EXERCISE DESCRIPTION: Reproduce the whole listing that follows, character for character, and drop the images.

SUPPLIED DATA:
++++++++

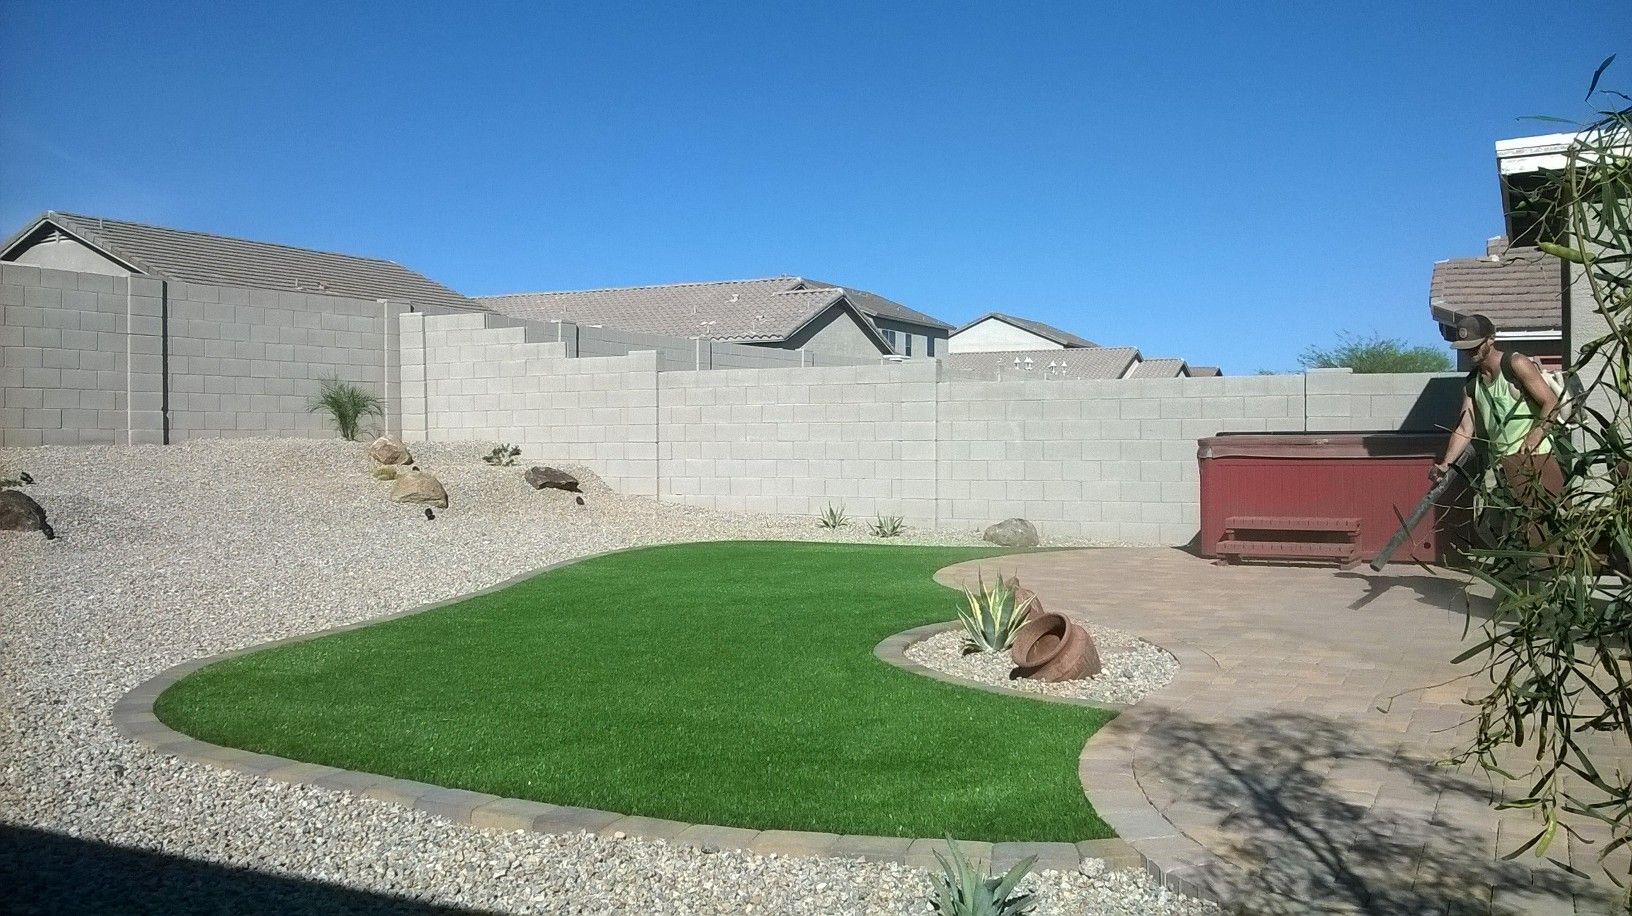 Staggering Backyard Ideas With Artificial Grass, Artificial grass
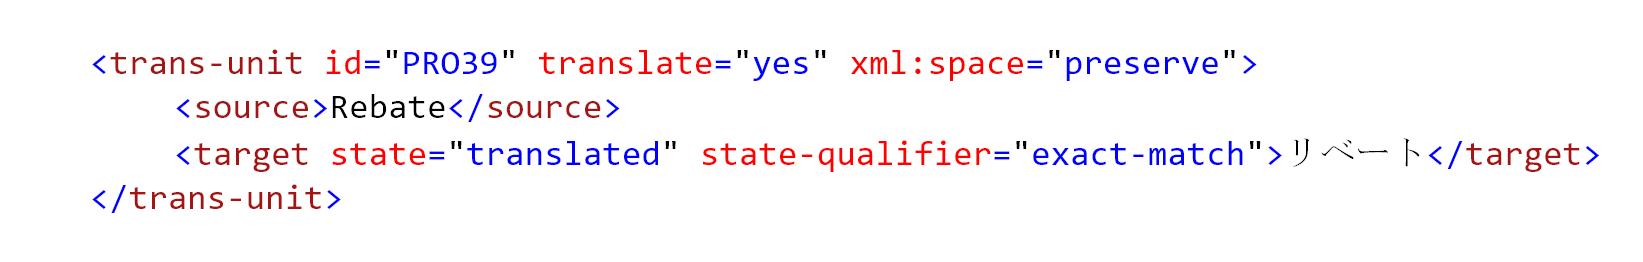 xliff translation unit
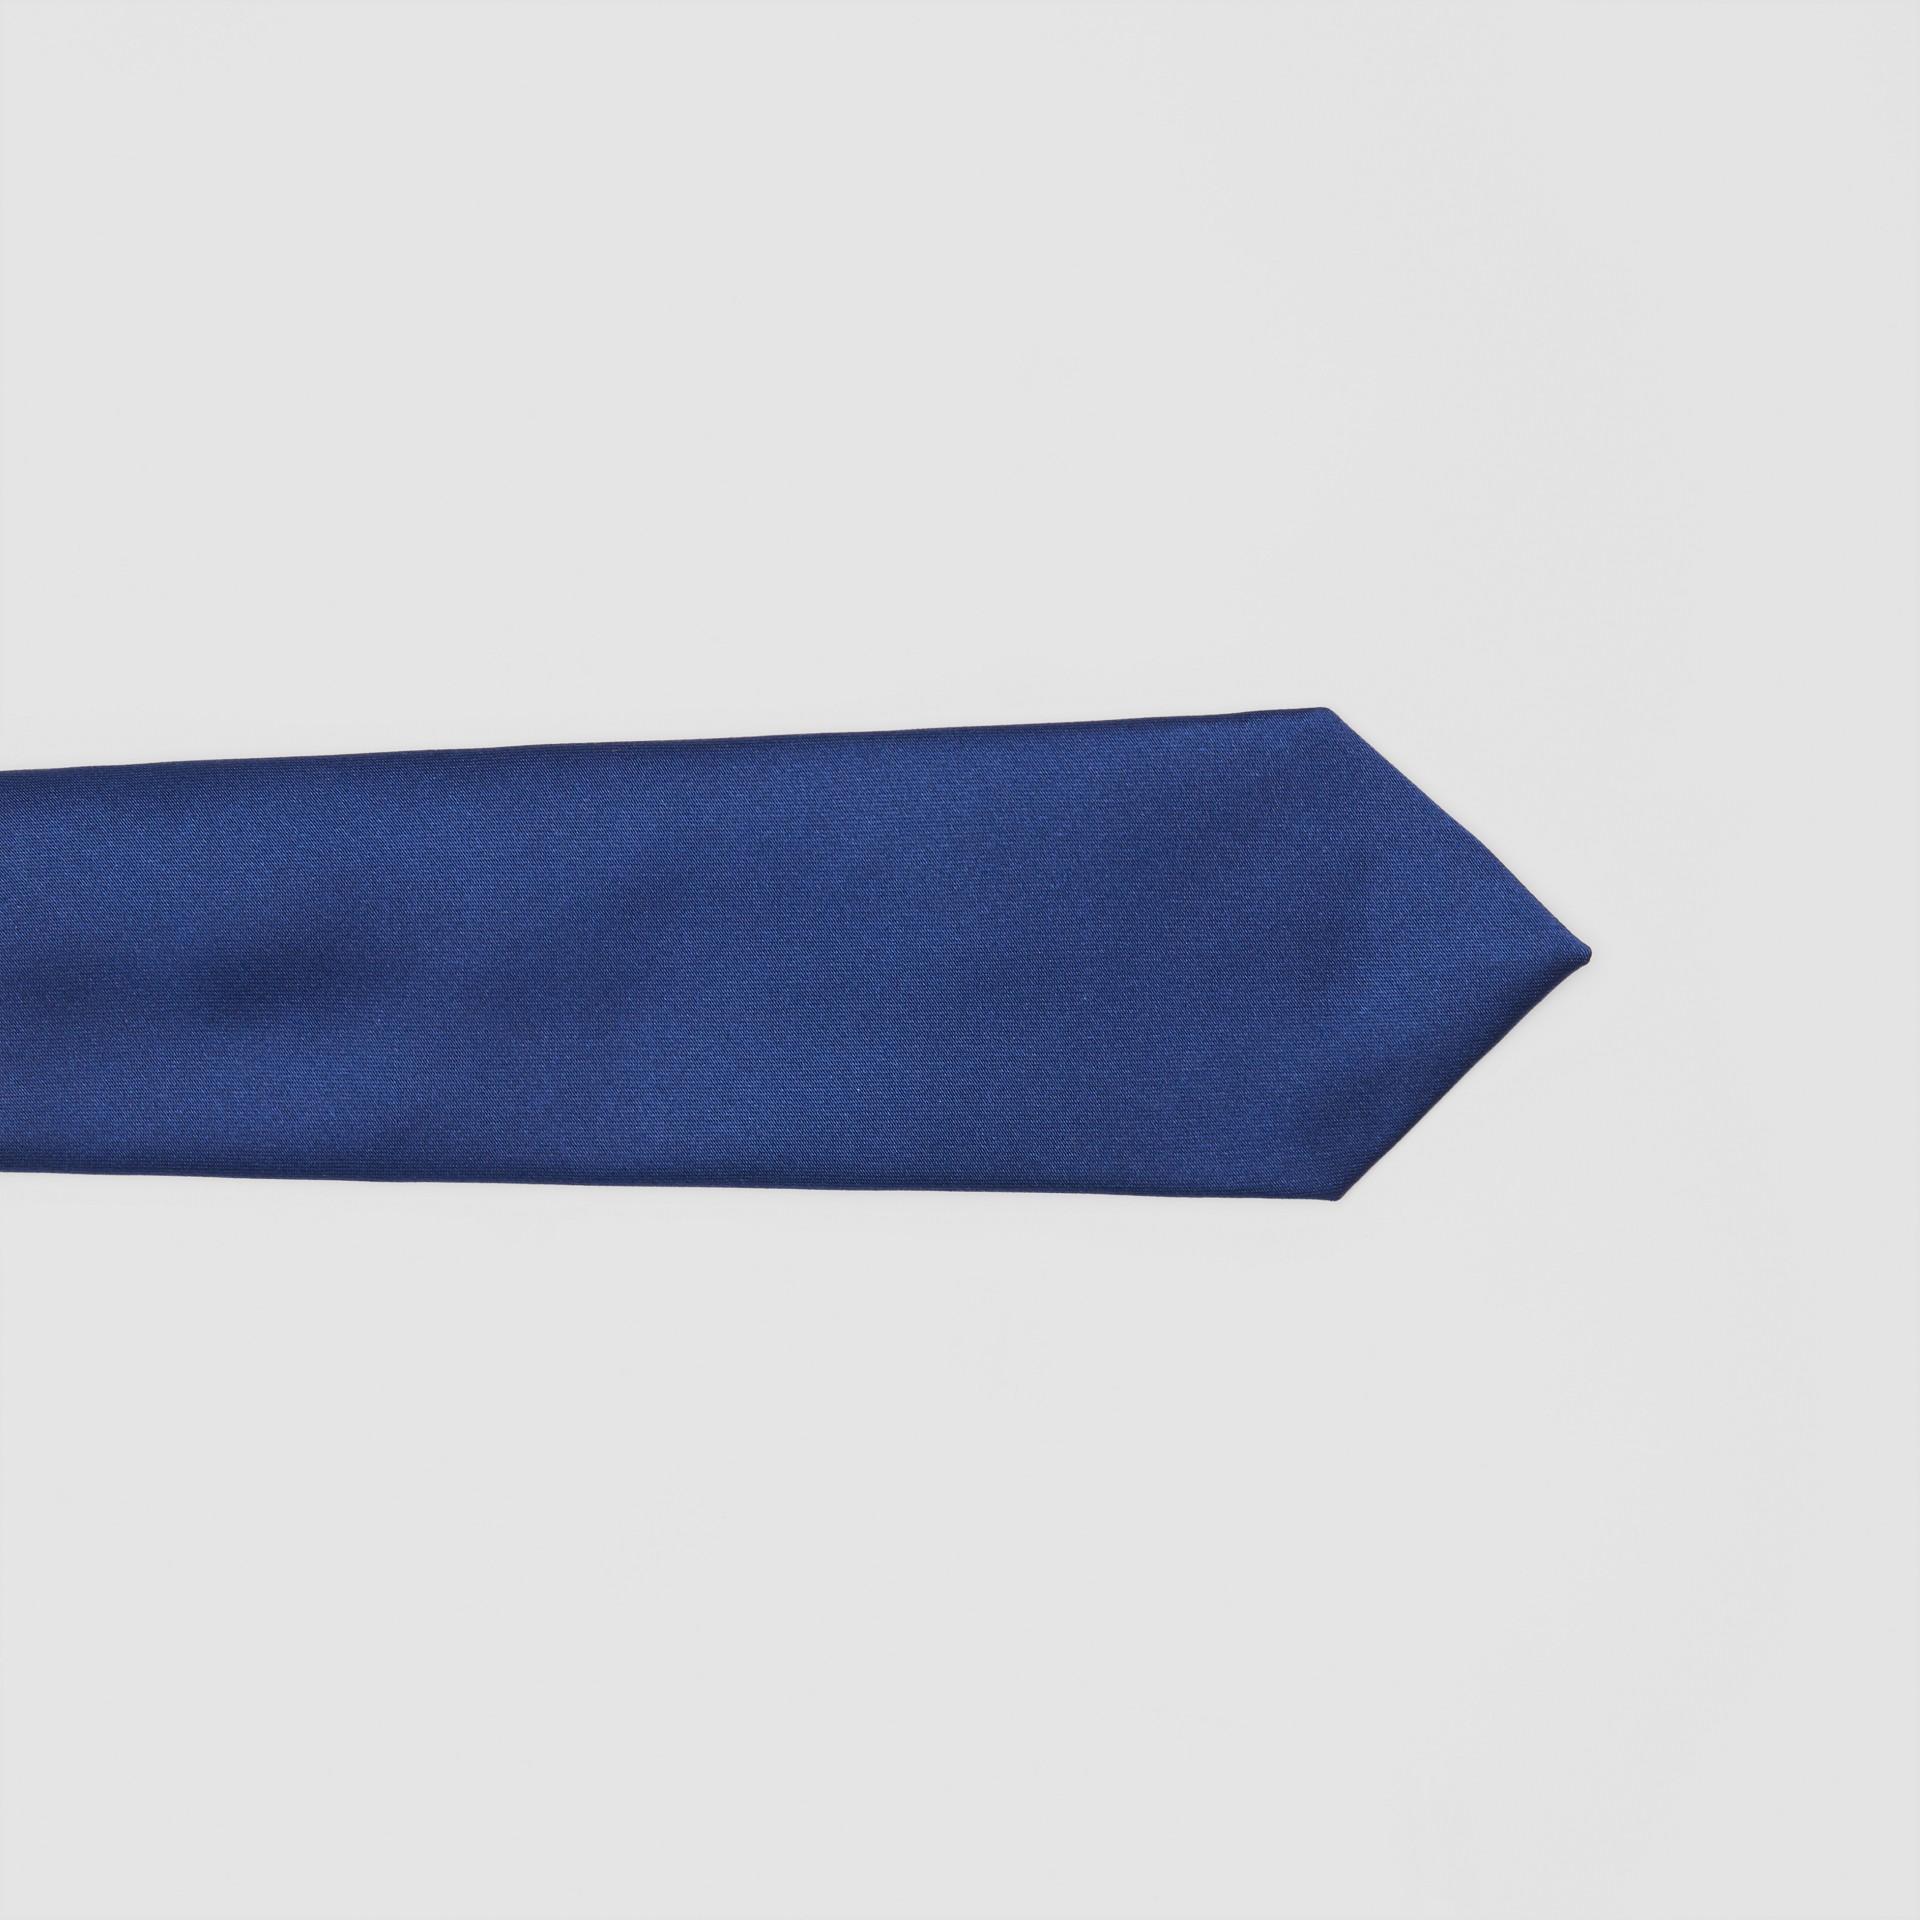 Classic Cut Logo Appliqué Silk Satin Tie in Sapphire Blue - Men | Burberry - gallery image 1

++++++++

RESPONSE:
 Staggering Backyard Ideas With Artificial Grass, Artificial grass
 xliff translation unit
 Classic Cut Logo Appliqué Silk Satin Tie in Sapphire Blue - Men | Burberry - gallery image 1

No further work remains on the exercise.